In cancer, metastatic disease and recurrence are hypothesized to result from the residual Cancer Stem Cells (CSCs) that evade initial treatment. Therefore, identification of these cells and pathways important in their self-renewal and survival is essential for improvement of current treatments. CSCs are defined as rare cancer cells with stem cell properties, including the capacity to self-renew and the ability to differentiate into multiple cell types. These cells may arise from transformations in early progenitor or stem cells, or differentiated progenitors that regain the ability to self-renew. Putative human mammary cancer stem cells have been identified based on their expression of specific cell surface markers. The human breast cancer CD44⁺/CD24^-/low/lin^-- subpopulation is more tumorigenic compared to other subpopulations by xenograft tumor studies. Also in vitro CD44⁺/CD24^-/low/lin^- cells can form non-adherent spheres, or mammospheres (MS), that also have the potential to self-renew and differentiate. 

We will be investigating treatment targets by examining pathways important in self-renewal and survival of CSCs. Bmi-1 is essential for self-renewal in several different tissues and is highly expressed in different stem cell and cancer cell populations including hematopoietic and neuronal cells. A conserved Bmi-1 driven pathway involved in both normal stem cells and a subset of highly malignant cancers including breast cancer was identified by a clinical transcriptional profiling study. The clinical data along with the self-renewal properties make Bmi-1 an important pathway to investigate in CSCs.

In addition to elucidating pathways that regulate CSC self-renewal, we will also investigate survival of CSCs in response to hyperthermia alone and as a radiosensitizing agent. Historically, there are many studies suggesting that hyperthermia can affect cancer cell survival, and is an effective radiosensitizer. Our initial focus will be on the transplantable p53 null mouse mammary cancer model, and later with human breast tumor samples. Preliminary results using radioresistant cell lines and a tumor initiating subpopulation of p53 null tumor cells in a MS assay indicate the putative CSCs may be thermosensitive. These results suggest that tumorigenic mammary stem/progenitor cells may be sensitive to hyperthermia.
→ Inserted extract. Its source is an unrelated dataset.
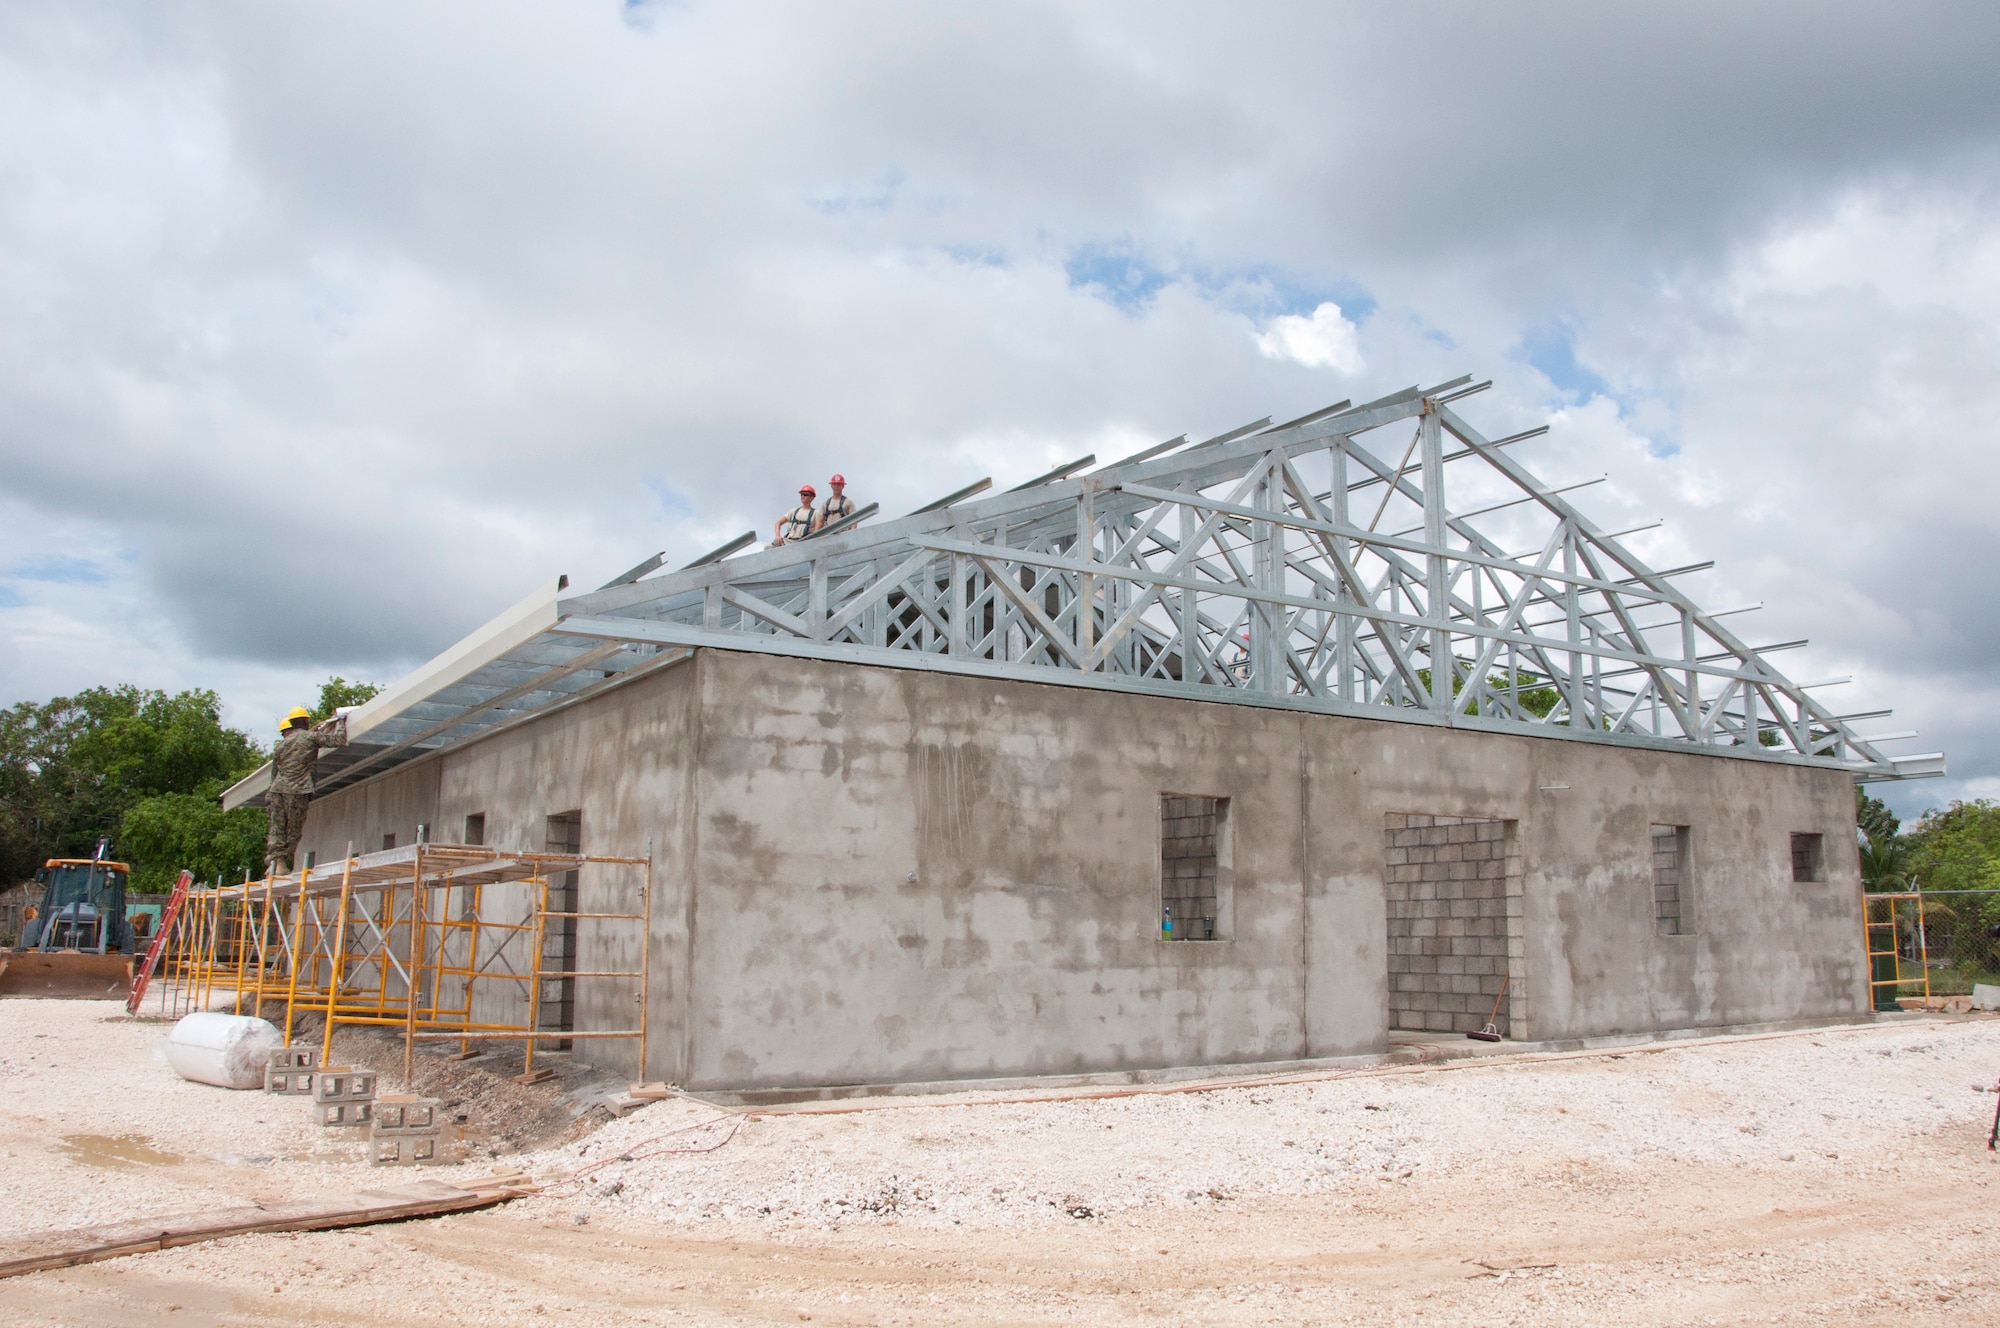 An addition to the Hattieville Government School is nearing completion after nearly six weeks of construction May 16, 2014, in Hattieville, Belize. Members of the Belize Defence Force Light Engineer Company have been working alongside U.S. Air Force, Army and Marine engineers on additions at four schools and one medical facility throughout Belize as part of New Horizons Belize 2014. (U.S. Air Force photo by Tech. Sgt. Kali L. Gradishar/Released)
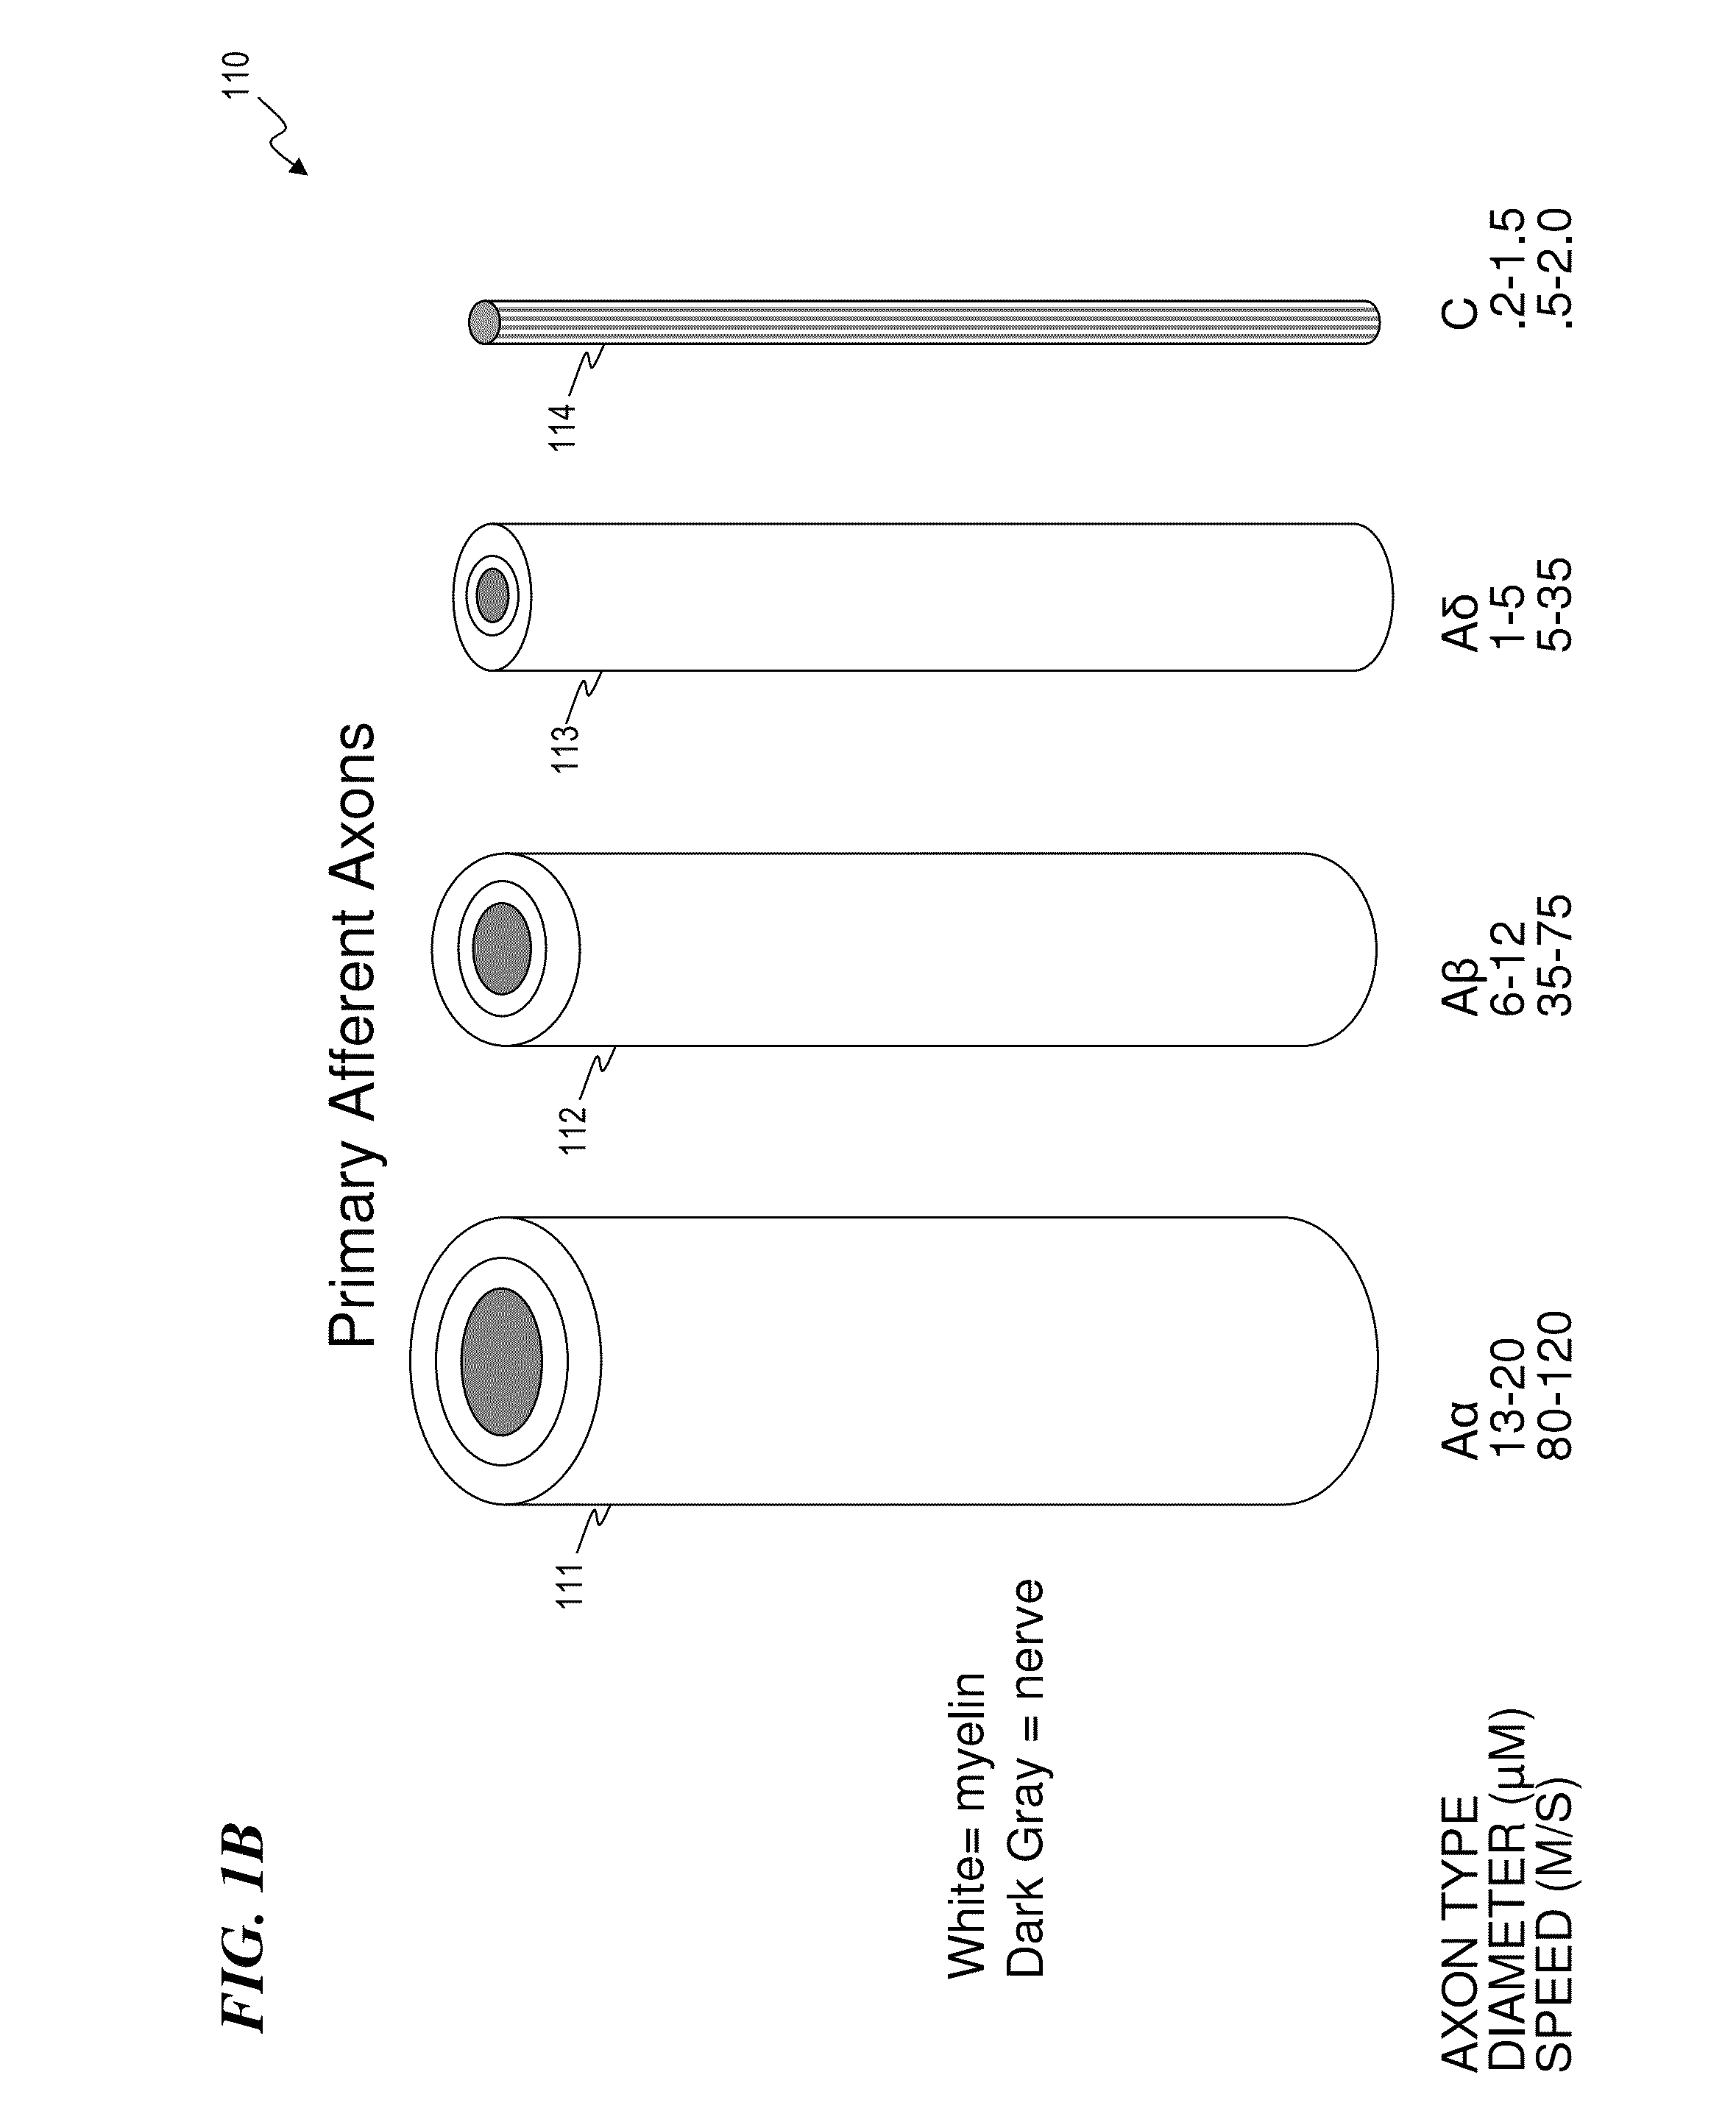 Apparatus and method for managing chronic pain with infrared and low-level light sources

Despite advances in earlier detection, as well as improvements in treatment of breast cancer, 20 percent of women die within 10 years of initial diagnosis due to relapse or metastatic disease. These cases of relapse and metastasis may be due to residual CSCs that are intrinsically resistant to conventional therapies that target highly proliferative cells. Although conventional treatments decrease tumor mass and have been proven effective for some patients, new therapeutic approaches are needed for the subset of women that experience recurrence and metastatic disease after removal of the primary tumor.